The underlying I/O library that powers `midi-redis`

is helio
that uses linux io-uring api underneath. `helio`

is specially designed for
shared-nothing architectures and it is the evolution of my previous library GAIA.

I performed benchmarking of `midi-redis`

on a variety of instances on the AWS cloud.
The point is not to evaluate `midi-redis`

but to show the true potential of the hardware vs what
Redis gives us on this hardware. Please, treat these numbers as directional only -
I run each load-test only once, so I believe there is some variance that could affect numbers in +-15% range. `redis-1`

bar in the graph represents Redis 6 with the `io-threads=1`

configuration, and `redis-8`

denotes
`io-threads=8`

configuration. Redis results were similar on all instance types,
therefore I used the `redis-1`

run on `c5.18xlarge`

as my relative baseline for all other runs.

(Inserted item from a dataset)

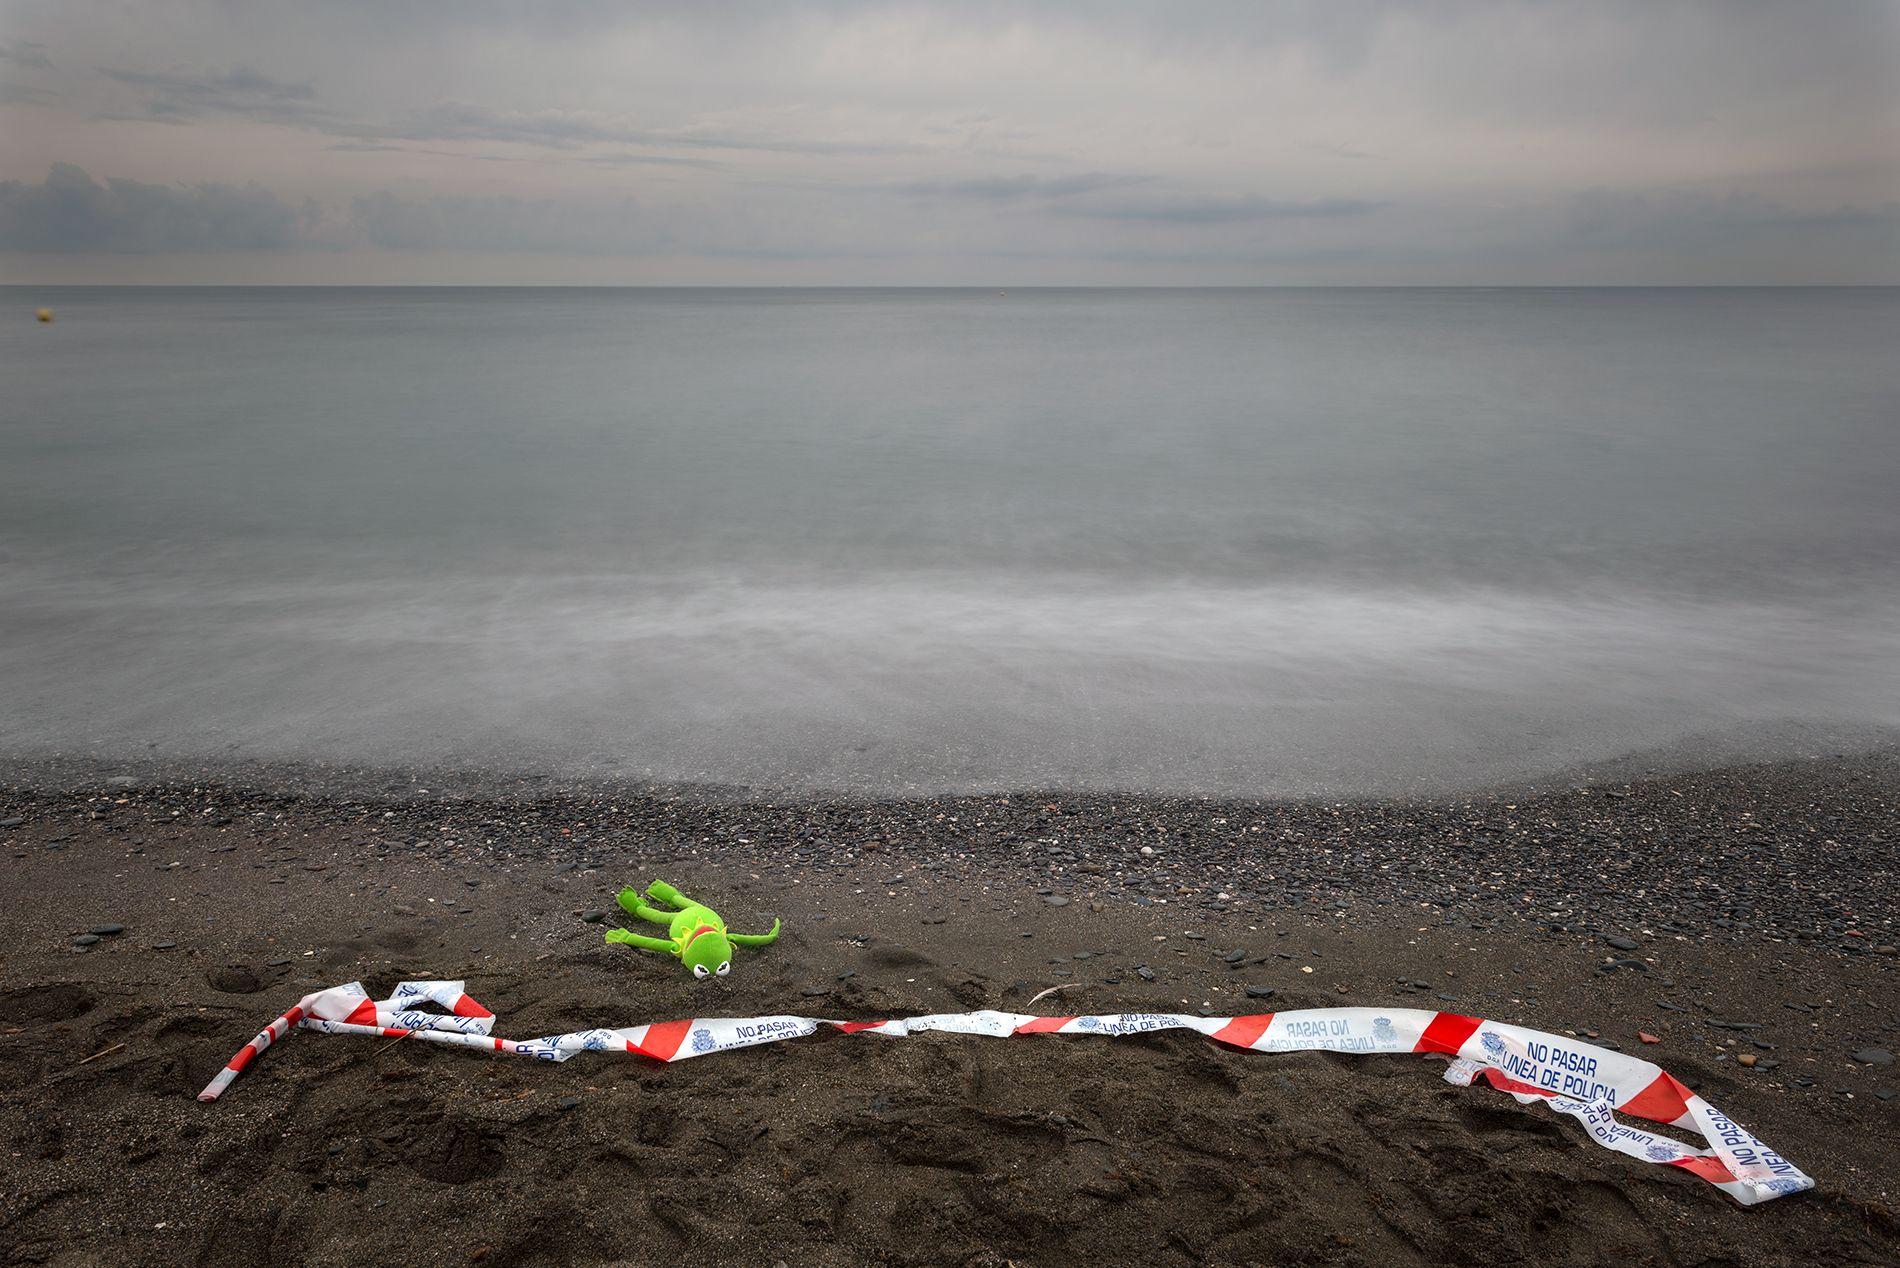 Asesinato a orillas del Mediterráneo

I used read-only traffic to minimize the influence of memory allocations and
database resizes on the results. Also, I run “debug populate 10000000” command before each run
to fill a server under test with data. Finally, I run memtier_benchmark from 3 client machines in the same zone with the following configuration:
`--key-prefix=key: --key-pattern=P:P --ratio 0:1 -n 2000000`

. The number of threads and connections
for `memtier_benchmark`

were chosen to maximize the throughput of the server under test and were different
for each instance type.

My first graph shows throughput for regular traffic without pipelined requests:

You can see that midi-redis running most network-capable AWS instance c6gn.16xlarge has the throughput
that is >20 times higher than `redis-1`

and >10 times higher than `redis-8`

.

My next graph shows the throughput of instances with pipeline mode when `memtier_benchmark`

sends bursts
of 10 requests at once (`--pipeline 10`

):
Here, `c6gn.16xlarge`

has seven times more throughput reaching a staggering 7.4M qps. Interestingly,
`redis-8`

is a bit slower than `redis-1`

because Redis main thread becomes the bottleneck for pipelined traffic.
And `redis-8`

spends additional cpu for coordination with its io-threads. `midi-redis`

on the other hand,
splits its dictionary between all its threads, reduces their communication to a minimum,
and scales its performance much better.

I do not know if a factor of 20 or a factor of 7 sounds impressive to you, but please remember that Redis 6 is the product of a decade of development and optimizations. Even 5%, 10% of incremental improvement is significant here. By changing the foundation, we allow potential 2000% upside for the non-pipeline case. Moreover, with time we will benefit from additional tailwinds from hardware advancements - with better networking and more cpus we will see even higher rates.

The speed of a car is 140 km/h, the speed of a jet plane is 950 km/h and the speed of sound is 1235 km/h. If Redis is a fast car, then we could fly instead on a supersonic plane.